Nesse caso, a exposição pode aumentar como resultado do uso mais frequente do ar condicionado ou de brincadeiras em piscinas, banheiras de hidromassagem e parques aquáticos por períodos mais longos do ano, diz Semenza.
“Contraímos a doença do legionário quando precisamos depender mais do ar condicionado, que é mais prevalente quando está quente”, diz Semenza.
No início do verão de 2025 no Hemisfério Norte, um surto da doença do legionário levou a 114 casos confirmados na cidade de Nova York e foi causado pela névoa contaminada das torres de resfriamento de grandes aparelhos de ar condicionado no East Harlem, que podem espalhar a contaminação por quilômetros.
Além do aumento no uso do ar condicionado, o aquecimento das temperaturas também torna os desastres mais prováveis.

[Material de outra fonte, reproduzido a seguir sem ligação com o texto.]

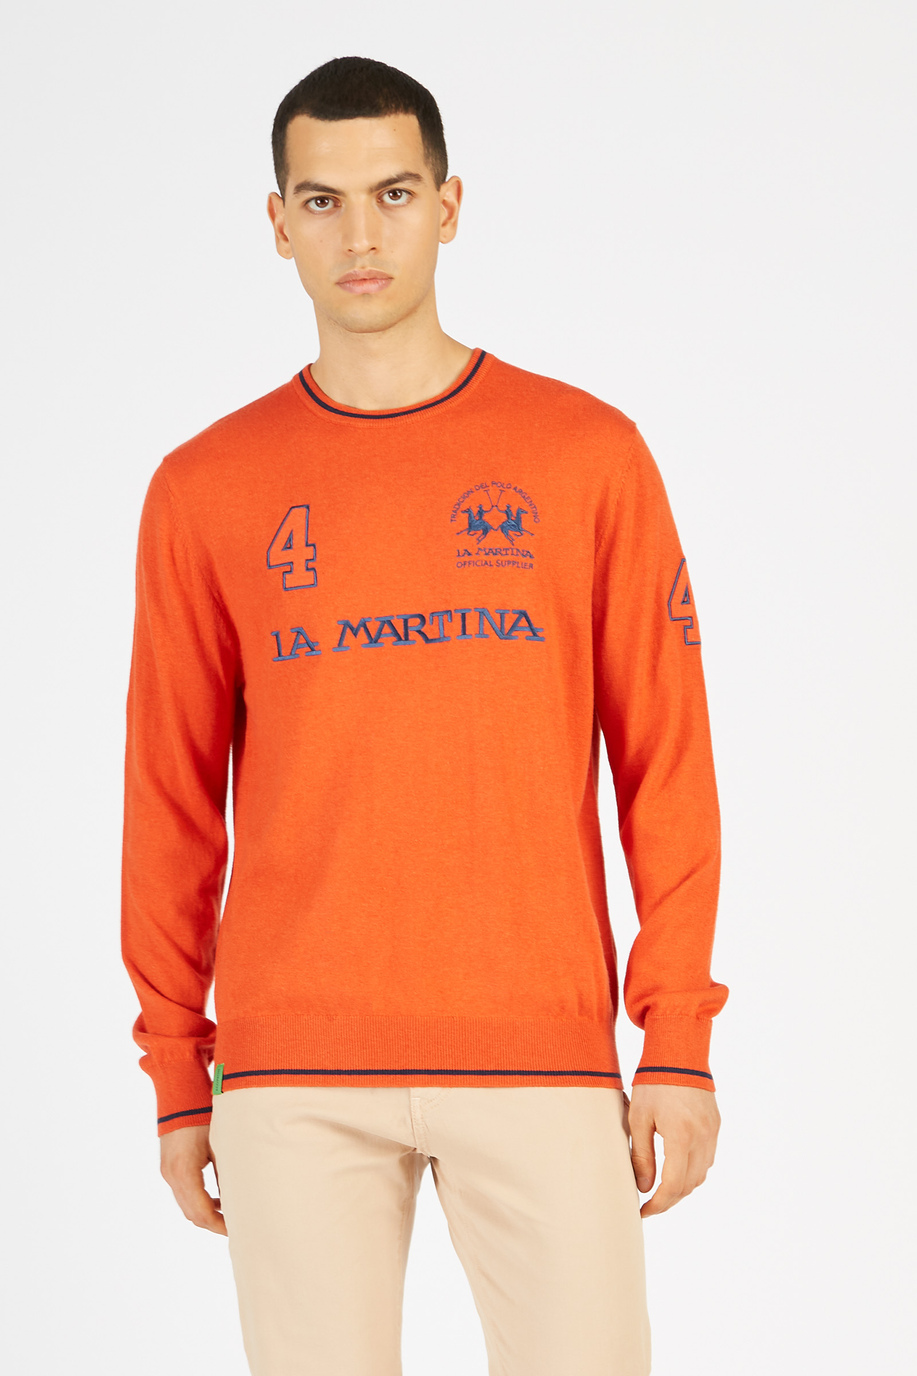 Maglia tricot da uomo in misto cotone girocollo regular fit -  Taglie XL | La Martina - Official Online Shop

Tempestades poderosas fazem com que os cursos d’água se tornem fossas de esgoto e detritos, diz Egan, e pesquisas mostram que o número de furacões mais intensos, aqueles acima da categoria 3, mais que dobrou nos últimos 40 anos.
Com os detritos e as inundações, as pessoas acabam caminhando em águas contaminadas por bactérias e, se você tiver uma ferida aberta ou cortar o pé em um caco de vidro, ficará imediatamente suscetível a infecções, diz Egan.

As águas rasas da Baby Beach em Dana Point, no sul da Califórnia, têm baixas classificações de limpeza, mas continuam populares entre as famílias da região.
Foto de Mark Boster, Los Angeles Times via Getty Images
Como se proteger de doenças transmitidas pela água
Para infecções que ocorrem em feridas, como Vibrio, a maneira mais fácil de evitá-las é ficar fora da água se você tiver uma ferida aberta na pele. Se você tiver um machucado aberto e exposto, use água e sabão para limpá-lo, troque o curativo a cada 12 horas e não volte à água até que ela esteja cicatrizada, diz Egan.
Os departamentos de saúde locais e estaduais costumam monitorar e emitir alertas sobre altos níveis de bactérias em certos reservatórios de água, especialmente durante as épocas mais quentes do ano. Verifique os sites ou as redes sociais dessas entidades para obter atualizações, e redobre o cuidado quando as águas estiverem mais quentes.
Após um furacão ou grande enchente, não entre em águas turvas onde é difícil ver o fundo — isso torna mais difícil evitar ferimentos e as águas provavelmente estarão poluídas.
Se você se cortar, esteja atento aos sinais gerais de infecção, como febre, calafrios, suores noturnos, fadiga ou sensação de mal-estar. Uma ferida pode estar infectada se estiver vermelha, quente e com secreção de pus.
Infecções mais graves, como a causada pela V. vulnificus, provocam vermelhidão que se espalha rapidamente ao redor do local da infecção em poucas horas e exigem atendimento imediato no pronto-socorro.